Stochastic Workload Models for Storage Systems and Networks



Storage systems and networks are challenged with workloads that show burstiness, i.e., sudden peaks of demand that exceed average demand by far. Burstiness as expressed by self-similarity has been identified as an important traffic characteristic in computer systems and communication networks and has fueled much research in the networking community over the past decade. The performance implications of burstiness are considered dire and performance modeling must take burstiness, self-similarity, temporal dependencies adequately into account in its workload characteristics.

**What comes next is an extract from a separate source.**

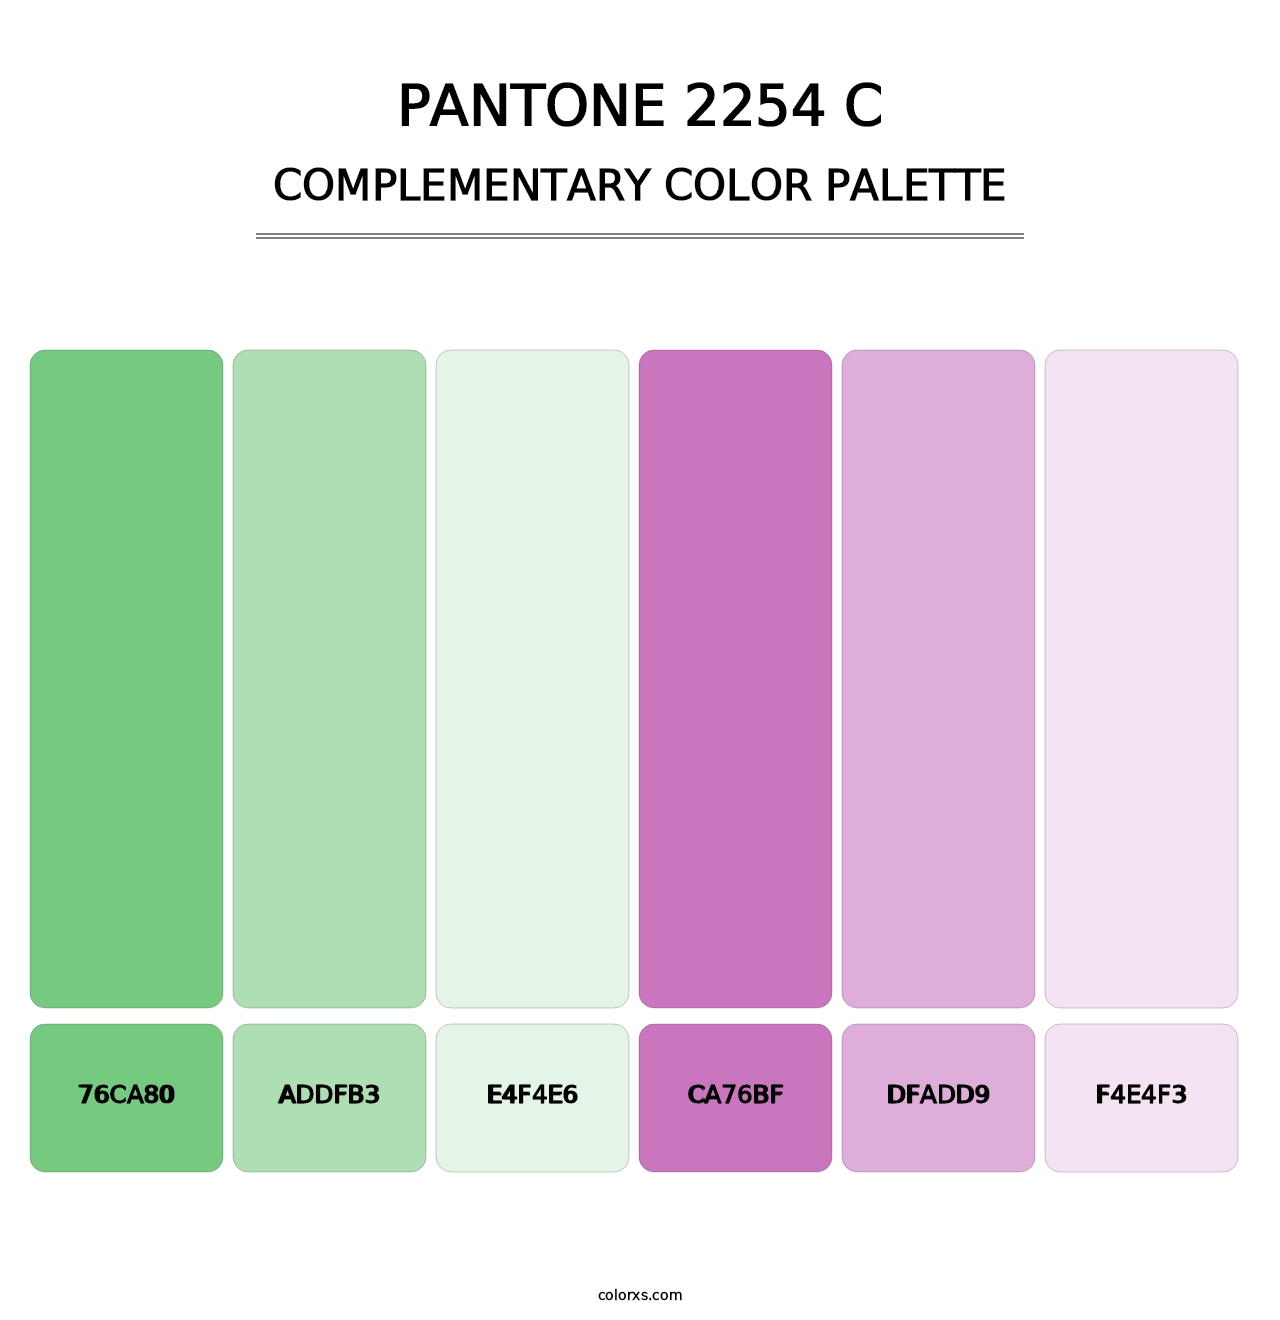 PANTONE 2254 C - Complementary Color Palette

In this project, we will fully explore the abilities of Markovian Arrival Processes (MAPs), which so far have stimulated a lot of research in traffic modeling. MAPs can capture temporal dependance (thus burstiness) via the autocorrelation function. We believe that a MAP is the right and powerful mathematical tool to deal with burstiness in workload modeling and to turn the existing fundamental results into an applicable methodology with automated procedures that make workload modeling with MAPs truly applicable in practice. We target storage systems and networks as our systems under study and want to enhance MAPs in a way that synthetic workloads can be generated.


For students:

This project offers a multitude of interesting research questions that may serve as a topic for a Phd, Master or MasterŐs project. Specific topics are provided upon request.


Trace Data:


The SNIA IOTTA Repository is a collaborative effort sponsored by the Storage Networking Industry Association's Input/Output Traces, Tools, and Analysis Technical Work Group (IOTTA TWG). It provides free access to various kinds of measurement traces. For example, a sample trace from the set of MSR Cambridge traces show the following interarrival times for the first 500k requests for a particular disk (here: usr0). The unit of time is Windows Filetime.



Obviously interarrival times differ by orders of magnitude and obviously there are particular patterns and phases a workload model should resemble.

If we partition interarrival times by orders of magnitude, we see that the empirical distribution is not trivial as the following diagram illustrates.




Much research has gone into techniques and tools to compute MAPs that are fitted to a particular trace and that match well its moments, joint moments or autocorrelation. However, more research is necessary to make MAPs fit not only with respect to time but also with respect to other characteristics like location, size and type of request.